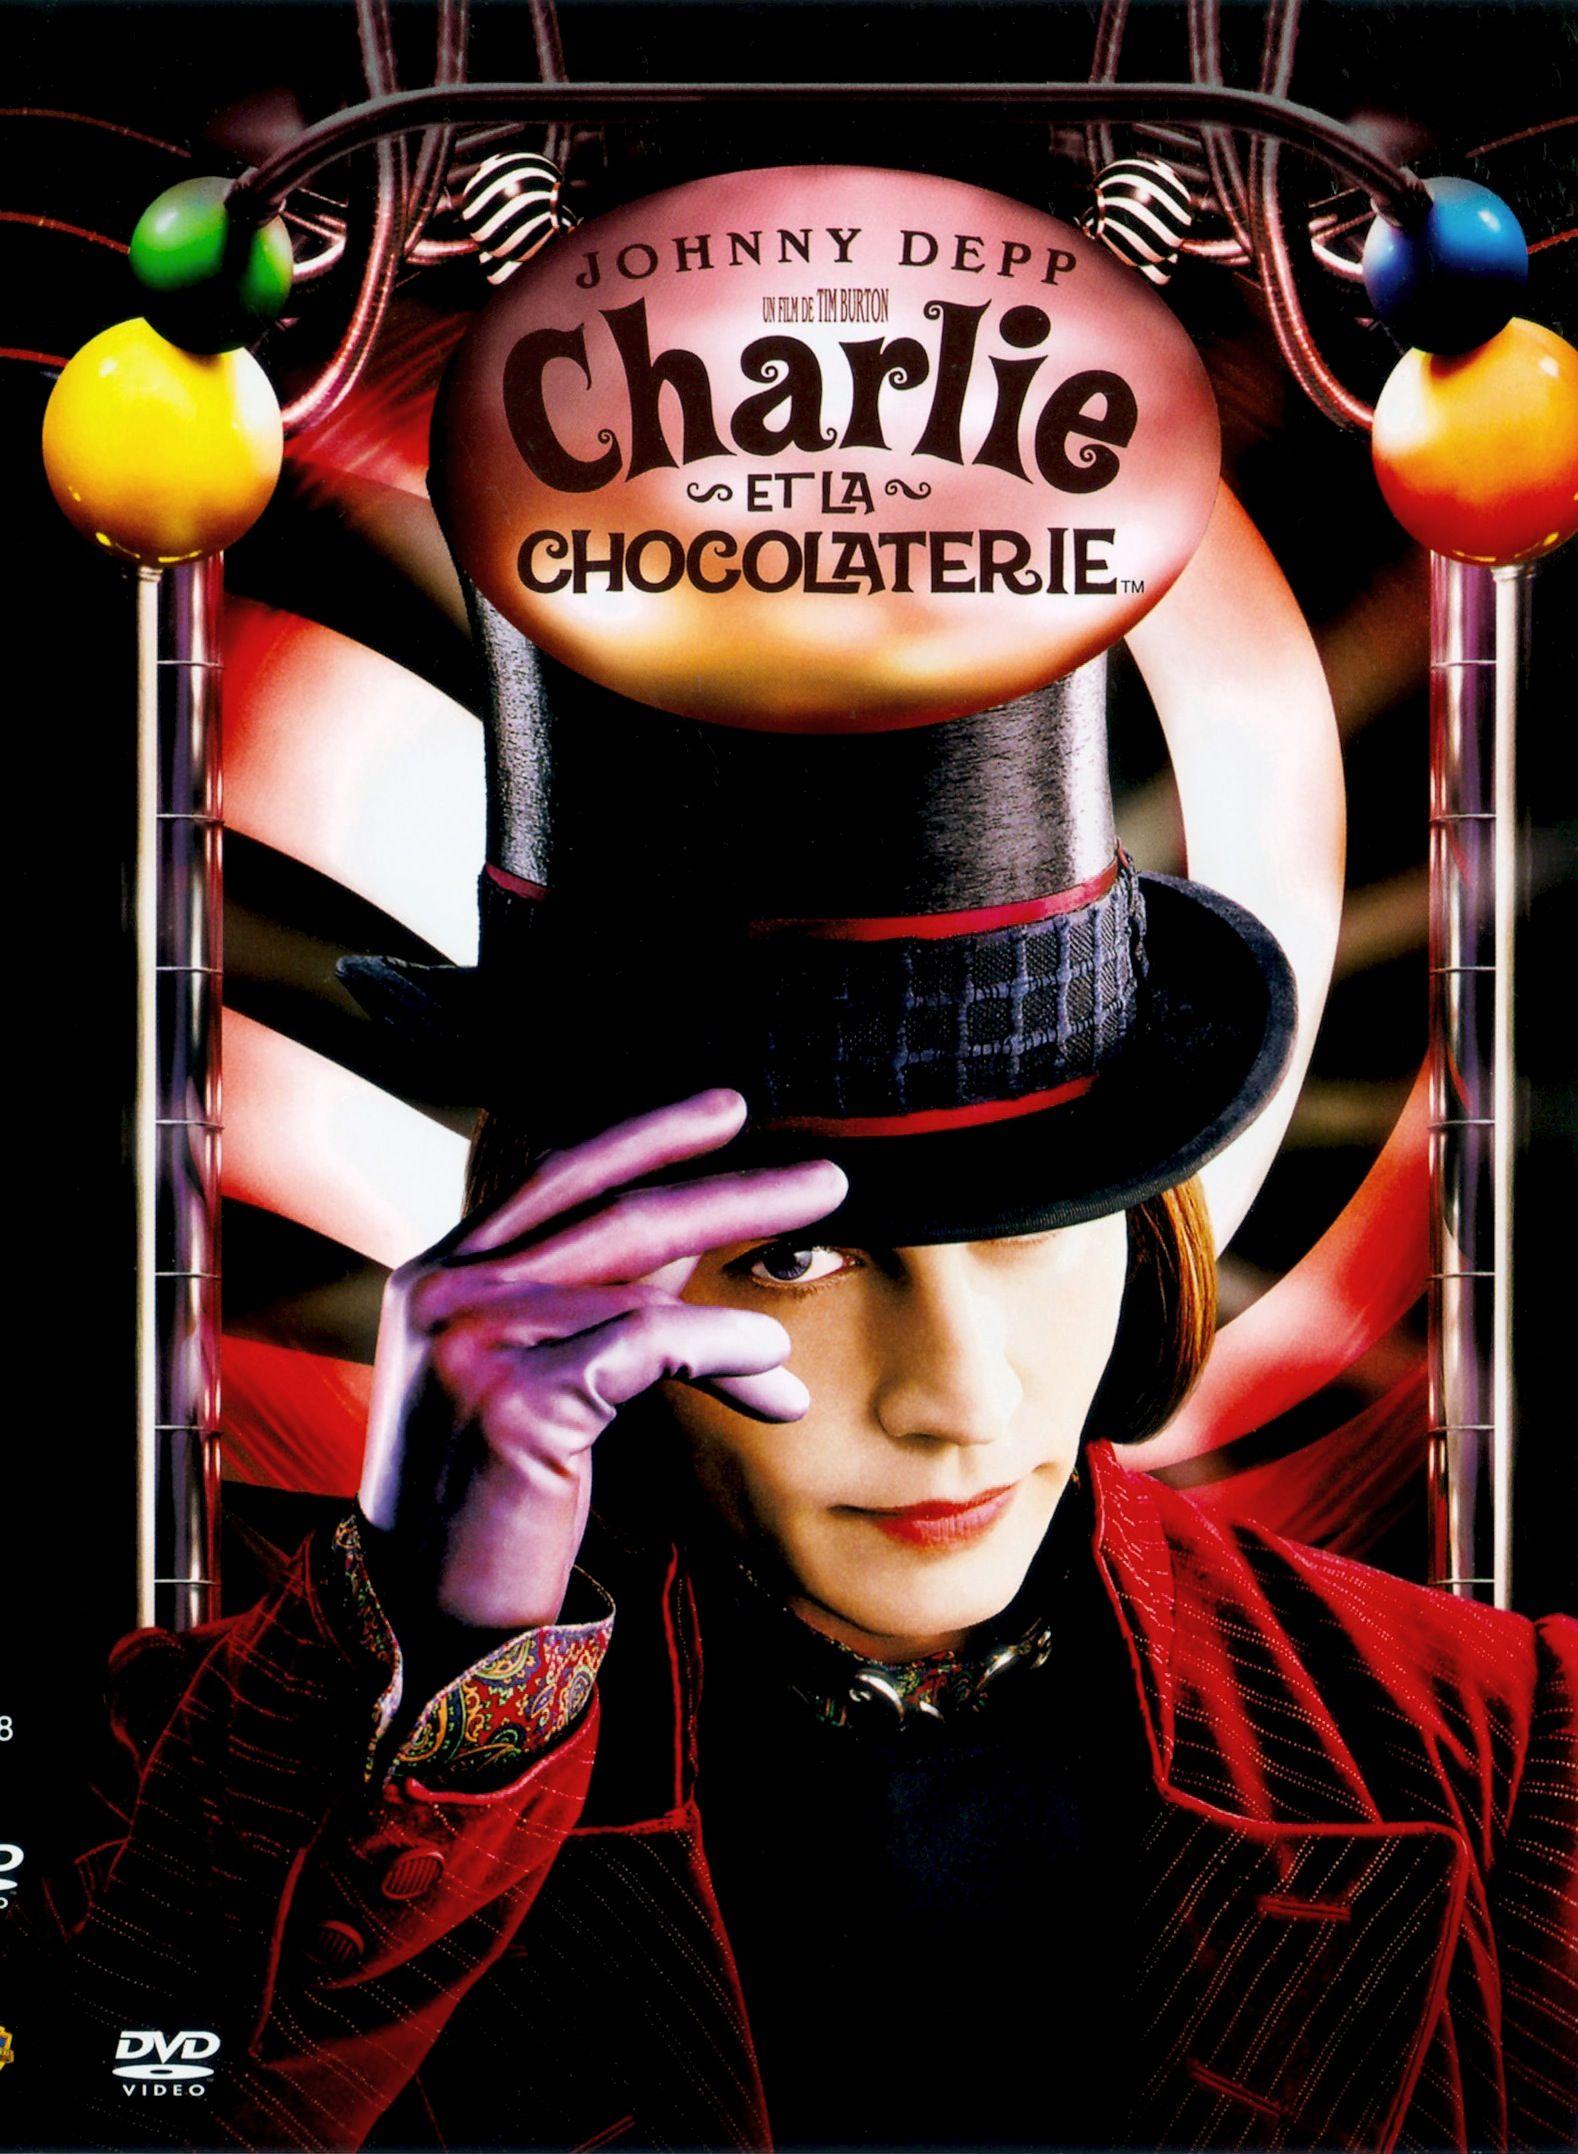 Charlie et la chocolaterie | Charlie et la chocolaterie, Chocolaterie, Tim  burton
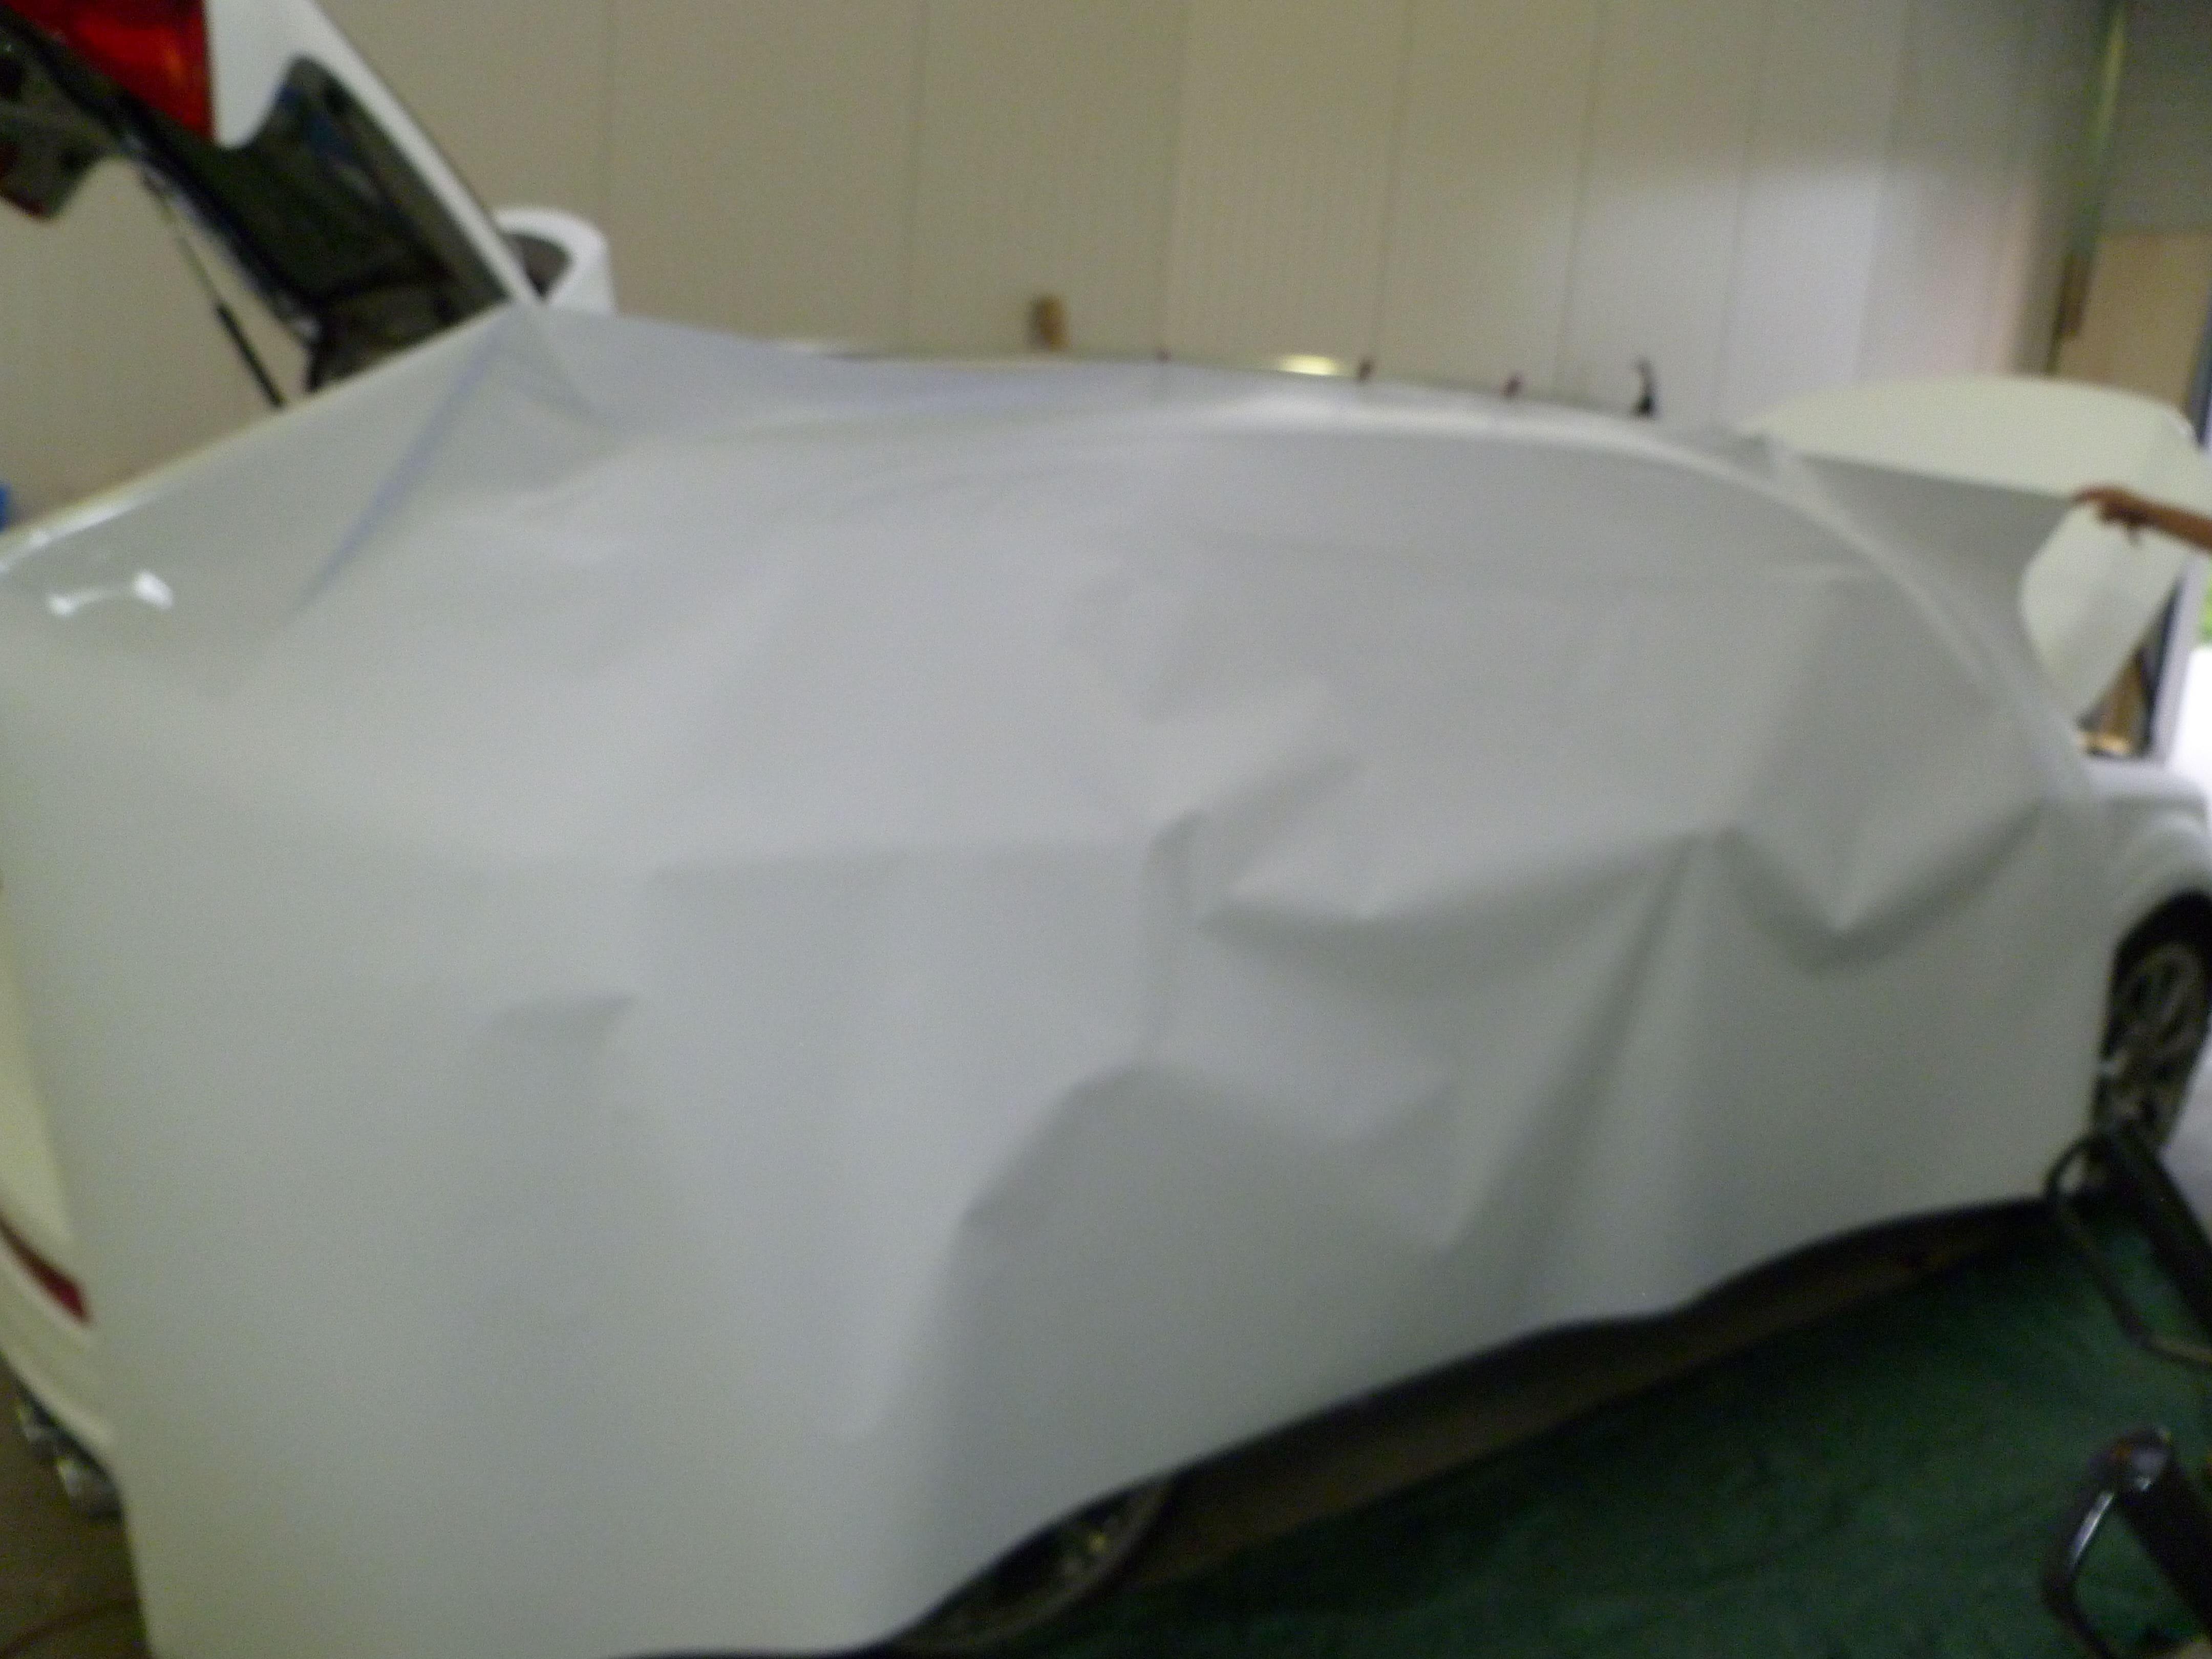 Audi Q7 met Mat Witte Wrap, Carwrapping door Wrapmyride.nu Foto-nr:5006, ©2021
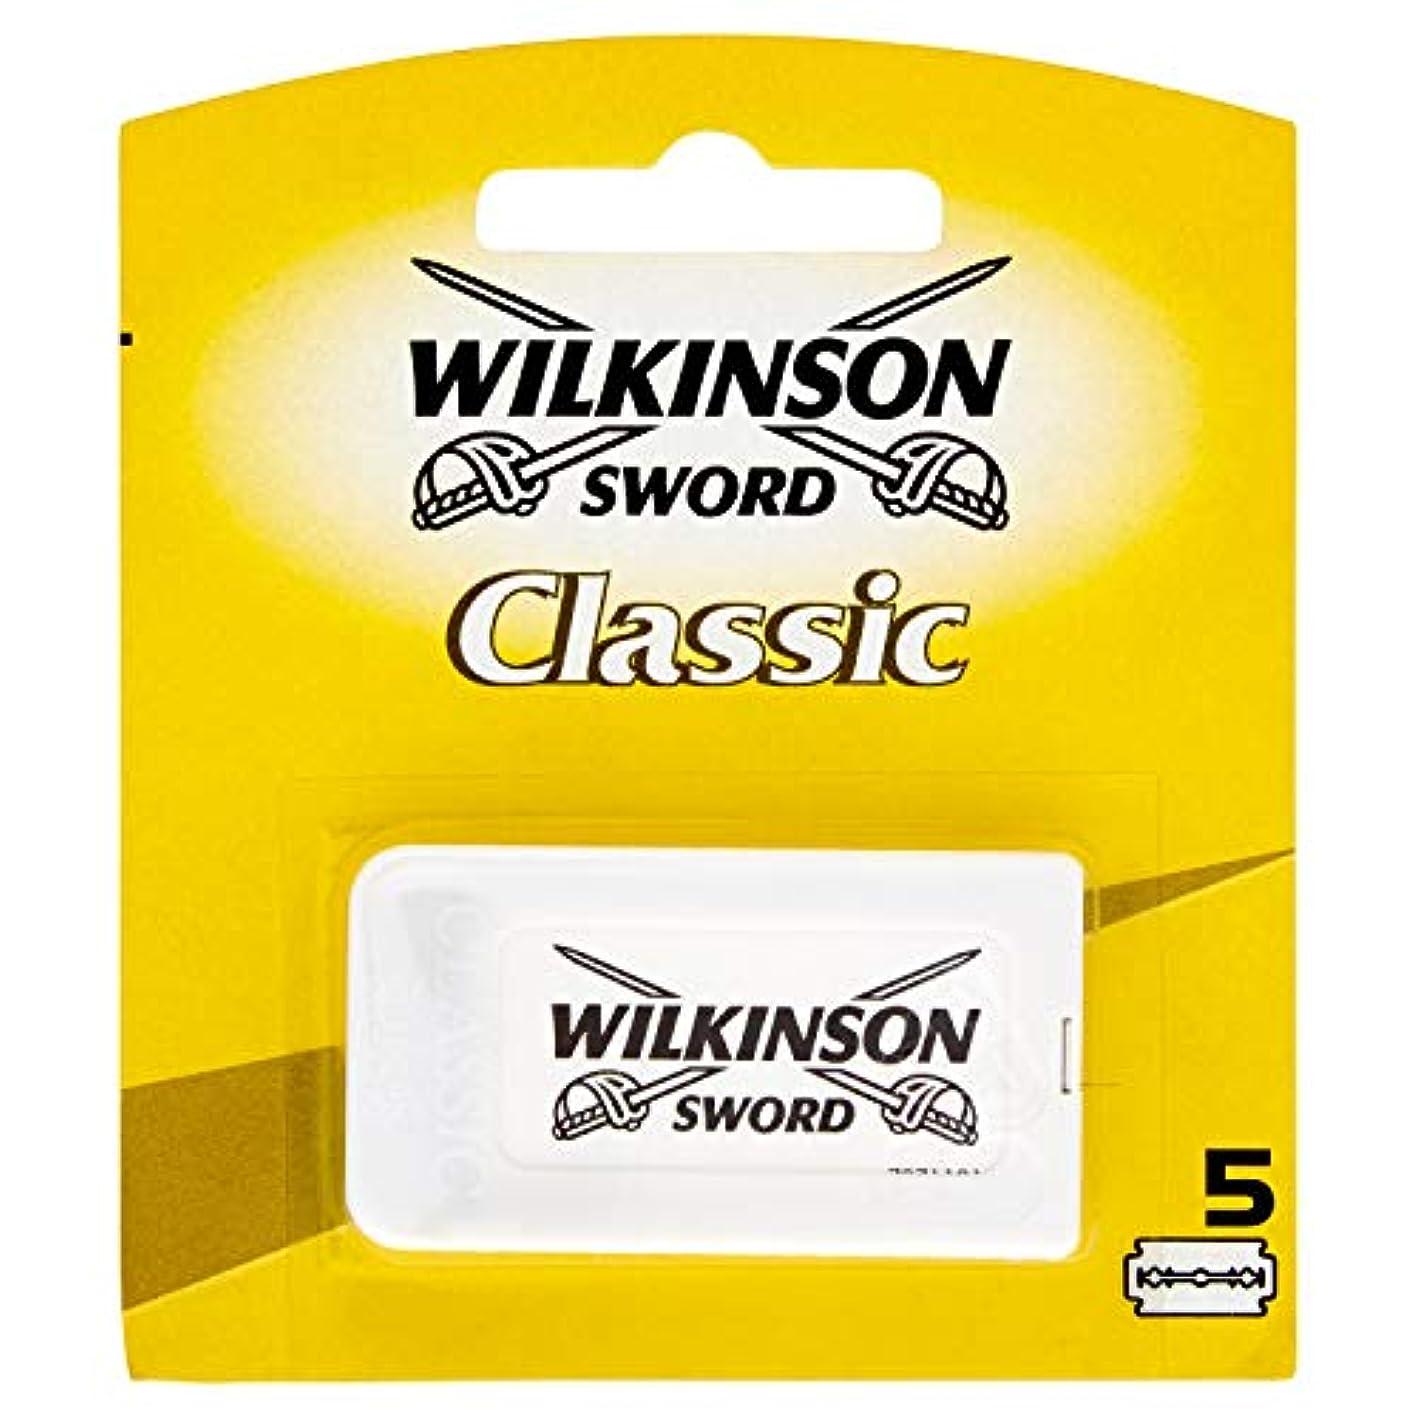 アルカトラズ島戸口役に立たないWilkinson Sword(ウィルキンソンソード) Classic 両刃替刃 5個入り [並行輸入品]

⁂

• _EXERCISE_:
Every line of the listing must be reproduced exactly, though the pictures are to be left out.

• _ANSWER FOR THE TASK_:
 Charlie et la chocolaterie | Charlie et la chocolaterie, Chocolaterie, Tim  burton
 Audi Q7 met Mat Witte Wrap, Carwrapping door Wrapmyride.nu Foto-nr:5006, ©2021
 アルカトラズ島戸口役に立たないWilkinson Sword(ウィルキンソンソード) Classic 両刃替刃 5個入り [並行輸入品]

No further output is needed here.